Maybe my expectations are too high. I should be happy he’s not pressuring me to have sex. I know Jess has, and if she hasn’t, she’s planning to soon. You can just tell by the way she sits on Derek’s lap, the way he pushes the hair from her ear and whispers things that make her slap at him. We’re a long way from that. We’ve never even held hands. We sit together on the bus on the way to meets, and we sit together going home. It’s always dark then, and once I tried to touch his leg, but he flinched.
See? I told you.
Told me what?
Never mind.
fifty-four
Autumn’s been dressing a little nicer lately, like she’s starting to care about herself or trying to impress someone. I don’t know who she would’ve been trying to impress today. It was just me and her, in her freezing clubhouse with the plywood floor and the beanbag chairs, trying to stay warm inside a couple of musty old sleeping bags she’d dragged up from the basement. It seemed grungier than last time—the clubhouse—or maybe it was the lack of light. We haven’t seen the sun in days.

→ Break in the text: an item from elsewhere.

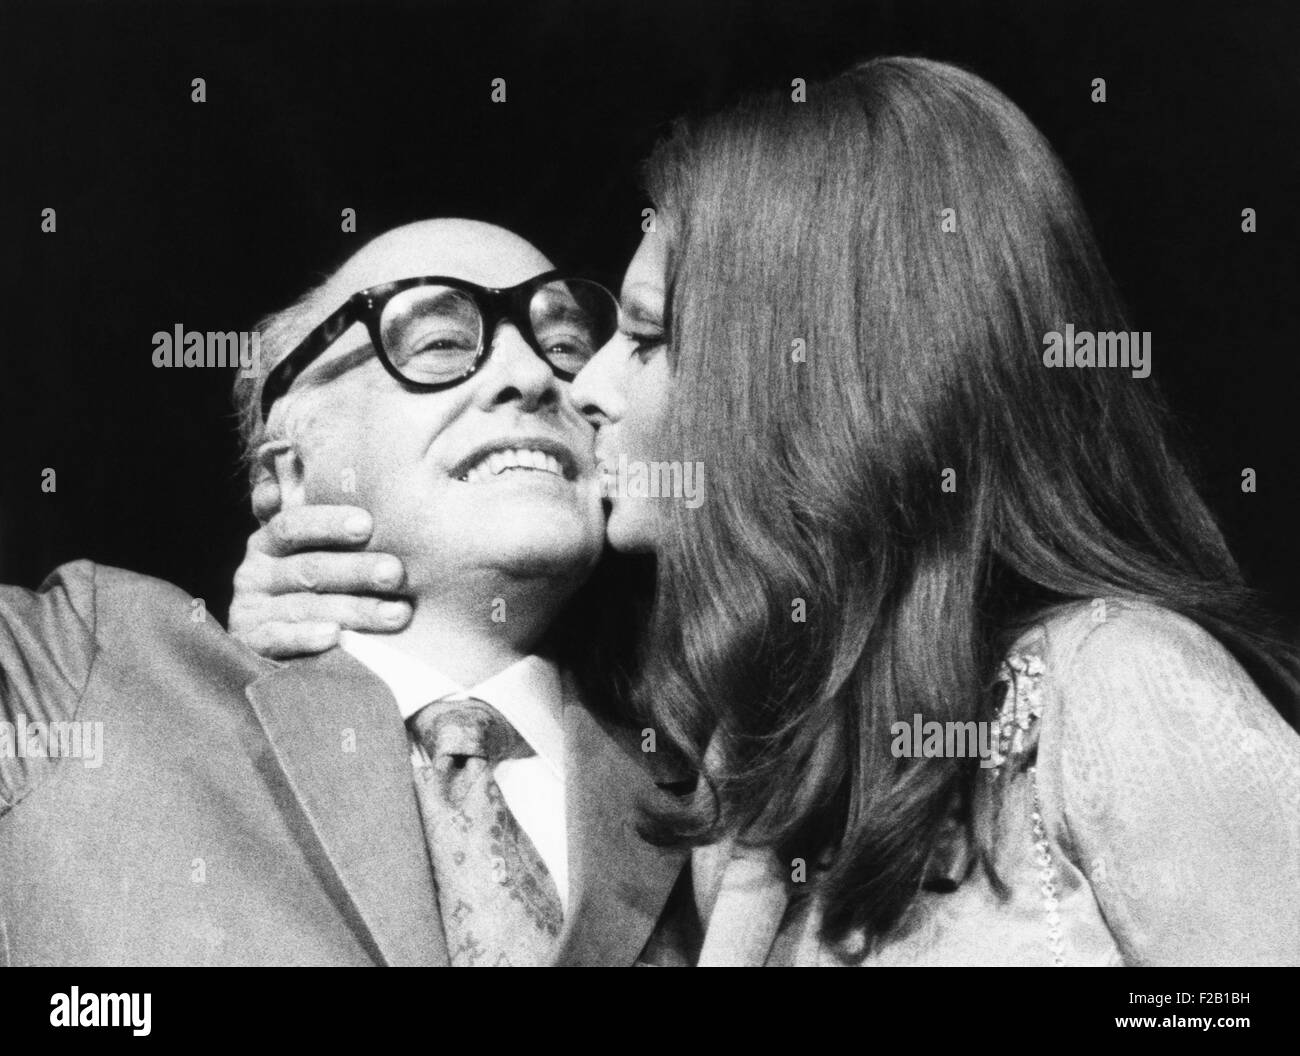 Sophia Loren gives her husband, film producer Carlo Ponti, a kiss at press conference. They were in New York to promote Sophia Loren's film SUNFLOWER, Sept. 24, 1970. (CSU 2015 8 613) Stock Photo

And it smelled bad, too, like the deer that’s rotting on the path with an arrow sticking out of its neck.
“You want me to put on some music?” Autumn asked, lighting a tea candle, strong and flowery to help with the darkness and the smell.
I didn’t want to listen to music. I wanted to talk. I’m not grounded anymore and I needed someone to listen to me—that’s why I was there. Autumn’s the only one I trust. Jess has a big mouth, and Kylie tells everything to Jess, and Rad went to visit his brother in Boston. I trust my sister, but she doesn’t understand what I’m going through because she’s never lived. She keeps telling me there’s a plan. Everything that’s happening is happening for a reason. But everything that’s been happening is keeping me up at night. I can’t help it. I worry. That’s just me.